Thursday, September 14, 2017
A (nicely executed) revolution in the theater
In my not-so-humble opinion, one mark by which to judge the success of a playwright's work is whether or not it stimulates a theatergoer to think about or research the topics or characters discussed or featured therein. And that's precisely what happened last weekend after I attended a performance of Lauren Gunderson's "The Revolutionists" at Ann Arbor's spunky Theatre Nova.
For despite a few minor quibbles on my part, Gunderson's very creative, yet dark comedy about the French Revolution and its Reign of Terror - which starts with the sound of a guillotine, of all things - intrigued me enough to send me to my computer to learn more about the four women she brings together for an imagined encounter, which led to my uncovering a treasure trove of information a history lover like me will drool over for days.
And what interesting women they were!
In her play, Gunderson imagines what might happen if a controversial French feminist playwright is visited by a civic-minded murderess-to-be, a free black woman activist from what's now known as Haiti, and a well-known and somewhat-ditsy queen at a time when France was in the midst of major, world-changing cultural and political turmoil. All are there for reasons of their own, yet each is requesting the services of the playwright to create for them what could be their exit line from this mortal plane. (I won't spoil it for you, but since three of the characters are based on actual historical figures, quick research will reveal their fates and whether or not the statements were needed.)
The result is a script that is oftentimes quite witty (some of which seemed to go over the heads of the audience on the night I was there), yet cognizant of the perils these brave women faced. The carefully crafted dialogue is crisp, sharp and intelligent throughout, with each character carefully drawn and fully realized. And by play's end we certainly know who these women are, what they believe and how they fit into French society.

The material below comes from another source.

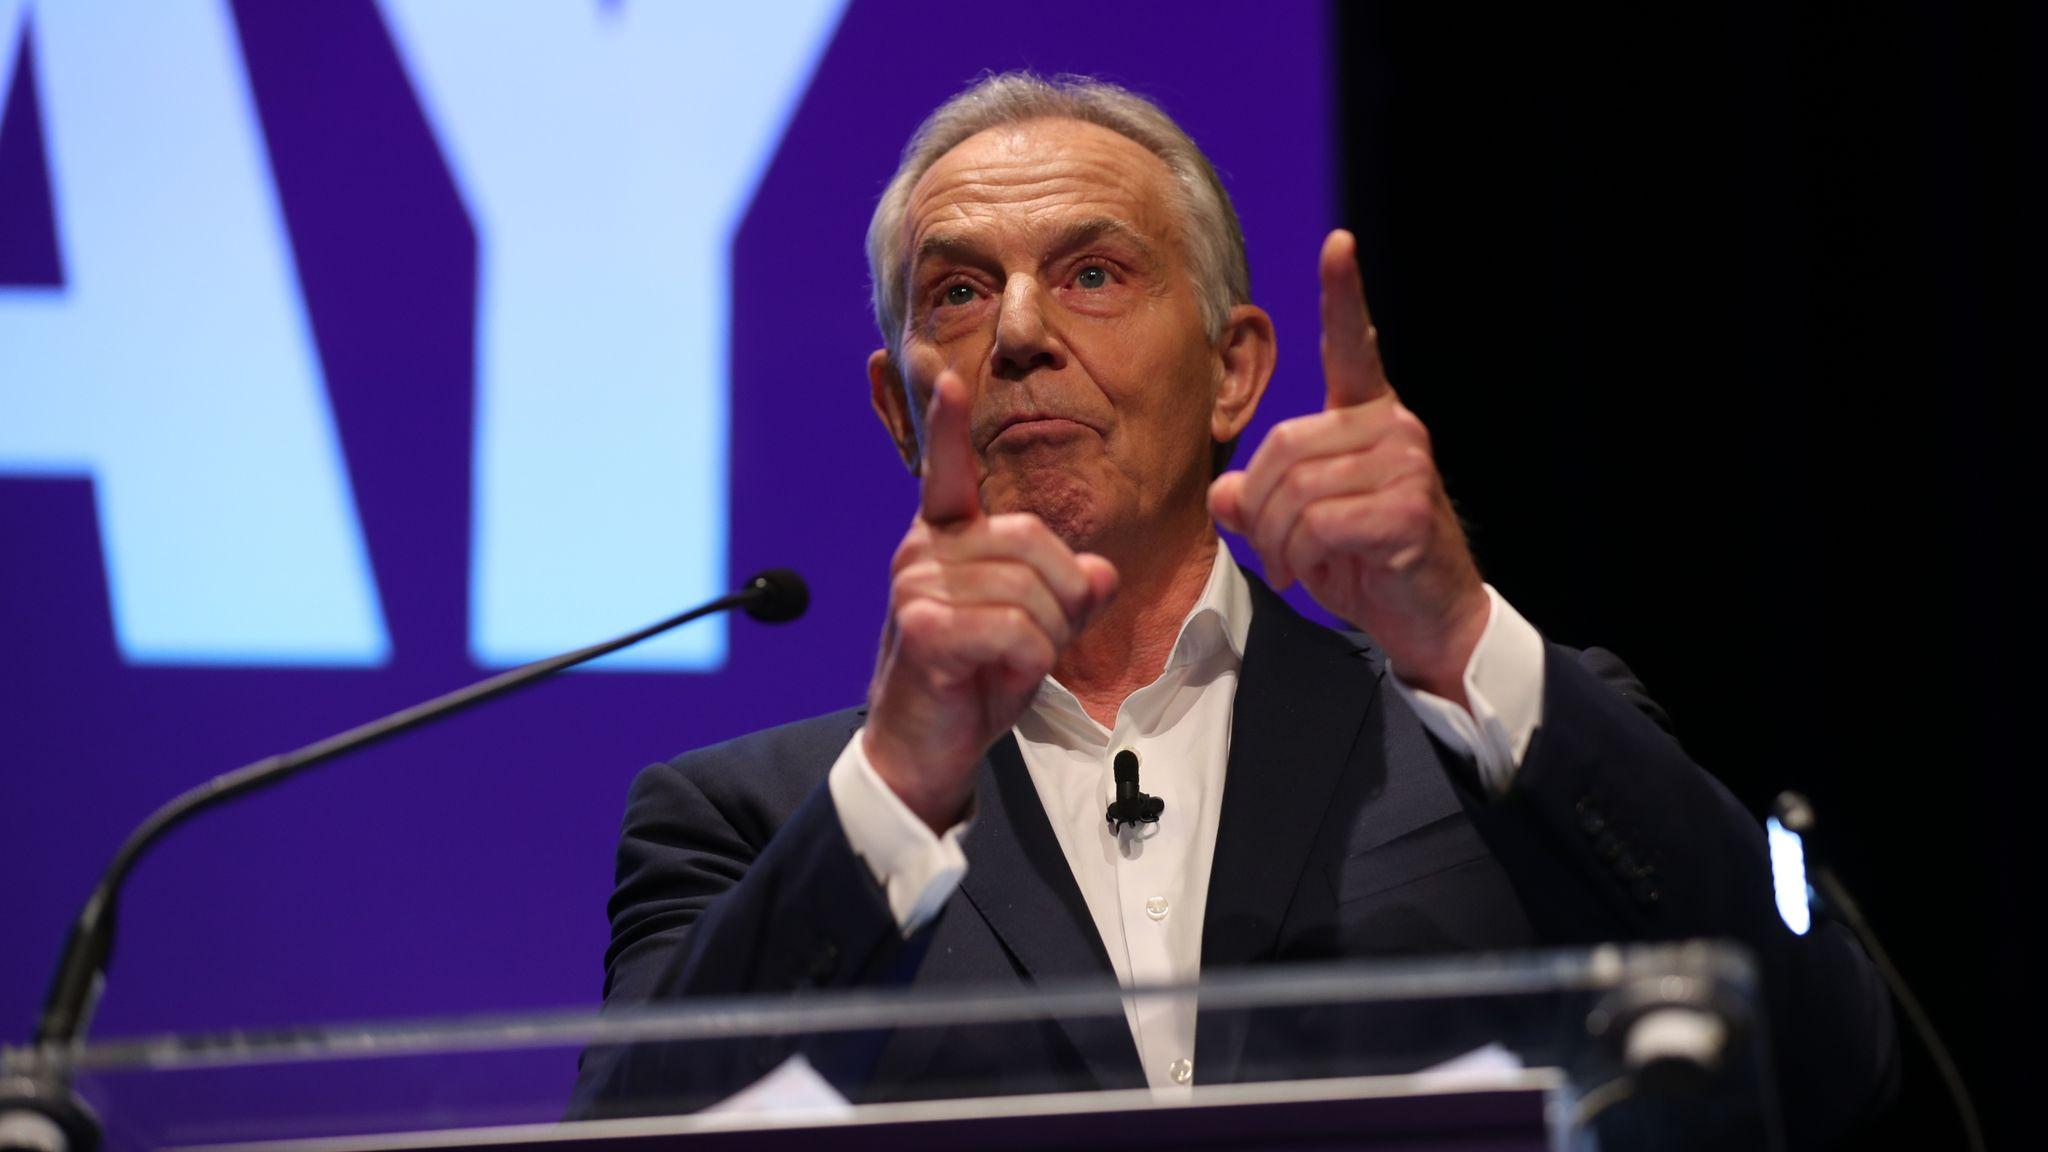 General election: 'Thank God for John Major' - Tony Blair praises predecessor's Brexit intervention

And how dangerous it was for a woman to speak out on the issues of the day!
However, I walked away from the performance unsure of and a little puzzled by what Gunderson's goal truly was. Is "The Revolutionists" a piece of artistic naval-gazing in which the playwright ponders the power of the written play and what impact such work may or may not have on society? Or is it a feminist manifesto (or propaganda piece) in which a light is shined on all of the world's ills then and now (from gender inequality to the wealth gap, and from privilege to slavery), yet with no message other than it would be a different world if women were in charge?
Was it a mix of the two? Or better yet: Did I simply miss the point?
What I didn't miss, though, was the performance everyone who has seen the show is raving about. After an astounding solo performance last year in Theatre Nova's production of "Katherine," 2016 Wilde Award nominee Melissa Beckwith returns with another tour de force, playing the historical Marie Antoinette. I've been a fan of Beckwith's work since I first saw her on the The Ringwald stage many years ago (or was it its progenitor, Who Wants Cake, at that point?), and she still has the chops to surprise and impress me. From the moment she first enters to the show's final moments, Beckwith fills the character with the larger-than-life traits one expects of this historical figure, yet with an emotional underpinning that reveals a depth and awareness one may not expect. If there's a performance to beat this season, this is it.
Also featured in the show are K Edminds as Marianne Angelle, Diane Hill as Olympe De Gouges, and Sara Rose as Charlotte Corday.
As fellow critic Jenn McKee stated in her review, "The Revolutionists" is a play that can't help but remind me of the productions staged by the now-defunct and very missed Performance Network, especially when director David Wolber and founding artistic director Carla Milarch were running things. (The only difference is the budget for the set, which I suspect would have been much higher in the good ol' days.) And that's high praise indeed!
THE BOTTOM LINE: I wouldn't be surprised if this weekend's closing performances will be sold out, so if you'd like to catch the show, I recommend you reserve your tickets now! You won't be disappointed!